Building West London — The Irish Construction Legacy

The physical infrastructure of modern West London was built substantially by Irish labour. This is not a metaphor — it is a measurable historical fact. The post-war housing estates of the London Borough of Hammersmith and Fulham, the expansion of the Great West Road industrial corridor, the Westway motorway (the elevated A40 that cuts through North Kensington), the extensions to the Underground, the hospital buildings of Charing Cross and Hammersmith hospitals — all of these required the kind of large-scale manual construction work that Irish contractors and their Irish workers supplied.

The contracting firms that dominated post-war Irish construction in London — Murphy, McNicholas, Mowlem, and the Irish subsidiaries of the major British firms — had direct roots in the Irish labour tradition going back to the navvies of the 19th century. The foremen and gang masters were Irish; the workers they recruited were Irish; the networks through which work was found were Irish. A man who arrived in Hammersmith from Connacht in 1955 with no skills and no contacts could find himself employed on a site within days, working alongside men from his own county, speaking his own dialect.

The physical legacy is invisible in the sense that construction workers leave no plaques and are not commemorated in street names. But the borough of Hammersmith and Fulham that exists today — its housing, its roads, its public buildings — was built on Irish backs. The 2001 census recorded that Hammersmith and Fulham had one of the highest proportions of Irish-born residents of any London borough, a testament to a community whose contribution to the physical city had been immense and whose recognition had been minimal.

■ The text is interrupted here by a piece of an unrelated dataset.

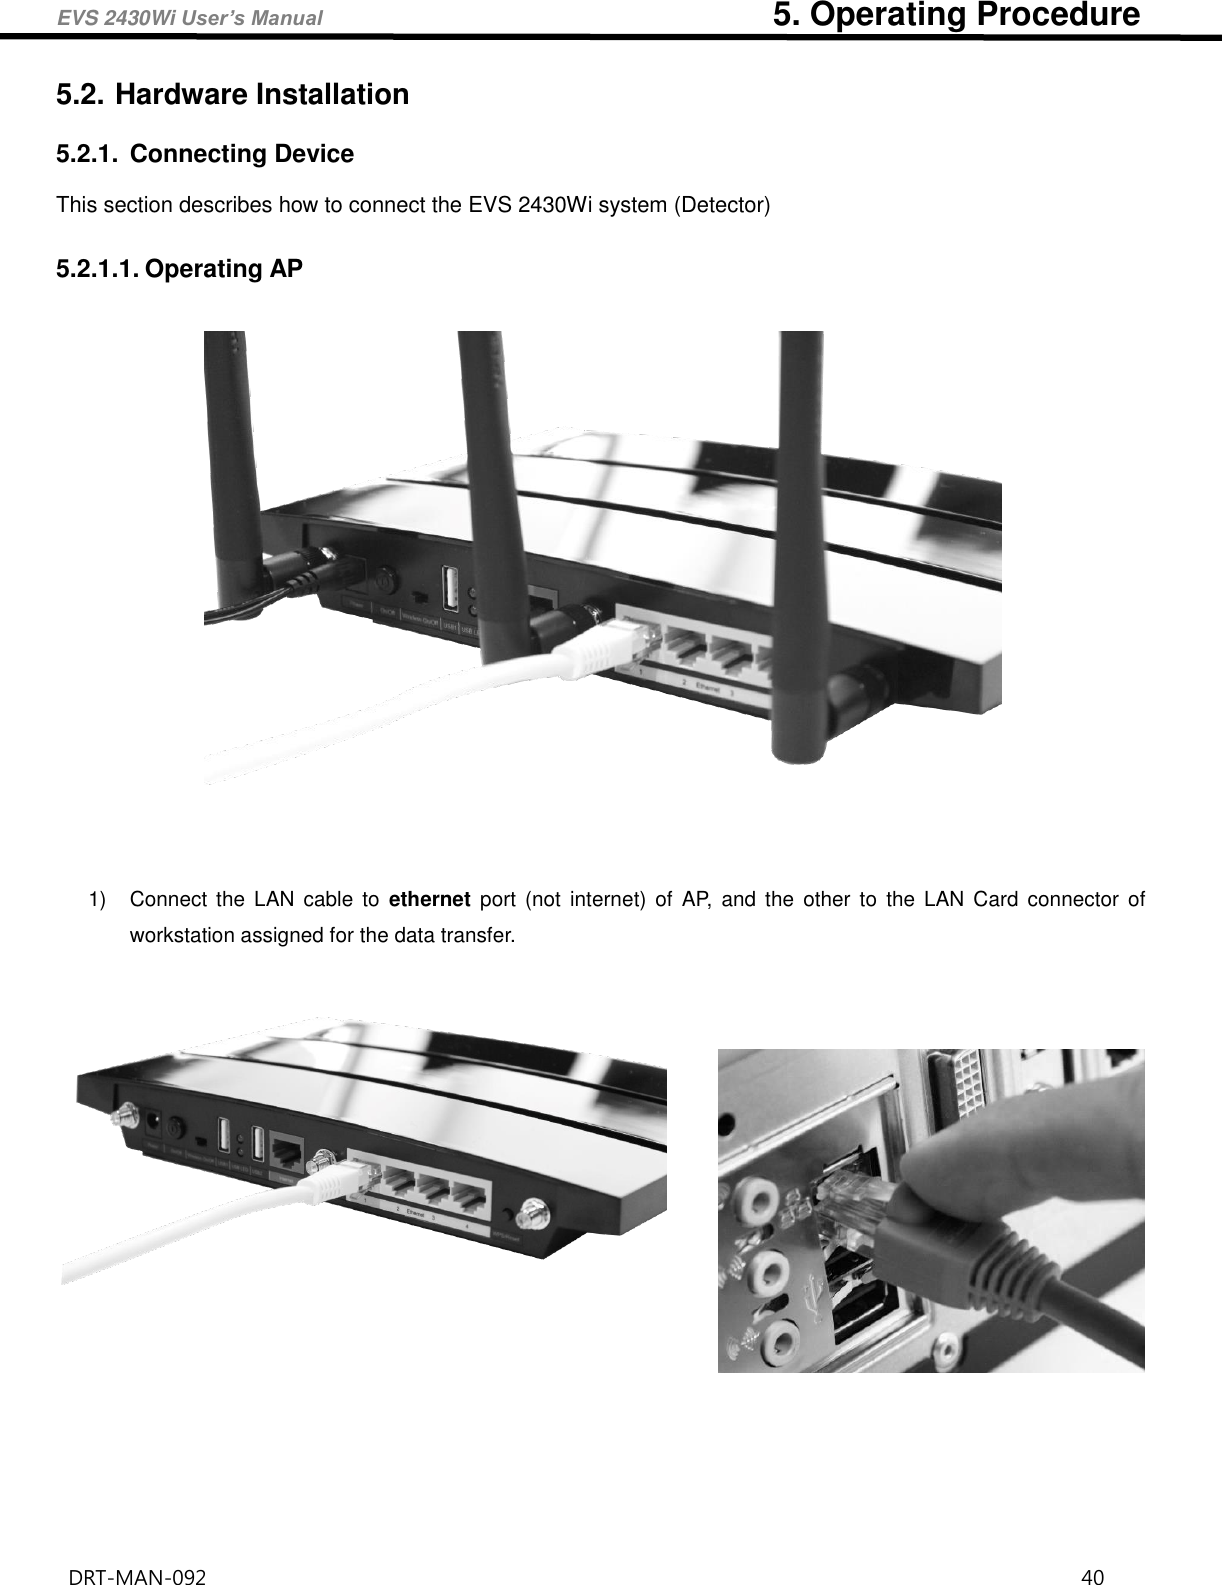 EVS 2430Wi User’s Manual                                                      5. Operating Procedure DRT-MAN-092                                                                                    40   5.2. Hardware Installation 5.2.1.  Connecting Device This section describes how to connect the EVS 2430Wi system (Detector)    5.2.1.1. Operating AP    1)  Connect  the  LAN cable  to  ethernet  port  (not  internet)  of  AP,  and the  other  to  the  LAN  Card  connector  of workstation assigned for the data transfer.

Q: Why did so many Irish settle in Hammersmith and Fulham? Proximity to work was the primary factor. The concentration of construction activity in West London in the post-war decades — housing, roads, industrial buildings, hospital construction — made Hammersmith and the surrounding area one of the best labour markets in London for the kind of work that Irish men, without formal British qualifications, could obtain. Shepherd's Bush's position near Paddington station also made it an easy first destination for men arriving from Ireland via the western mainline. Once a community existed, the networks of kinship and county association drew subsequent arrivals to the same area.
Q: What was the Hammersmith Palais and why was it important to Irish London? The Hammersmith Palais de Danse opened in 1919 and for much of the mid-20th century was London's most celebrated dance venue. For the Irish community, it served as the primary social venue for the post-war generation of Irish immigrants. The Palais hosted the Irish showbands that toured from Ireland — the Royal Showband, the Miami Showband, Brendan Bowyer — and on their nights the audience was overwhelmingly Irish. The dance hall was where the social rituals of courtship operated within a comprehensible Irish framework, in a city where most other social contexts were unfamiliar to recent arrivals. The Palais closed in 2007; the building was demolished in 2012.
Q: What Irish community organisations exist in West London today? The London Irish Centre maintains a presence in West London, and the Irish in Britain organisation provides welfare services across the borough. Several GAA clubs operate in the area. The Hammersmith and Fulham Irish Community group continues to work with elderly Irish residents. The annual London Irish parade draws from the West London community. St Peter's Hammersmith and other Catholic parishes maintain congregations with significant Irish-heritage membership.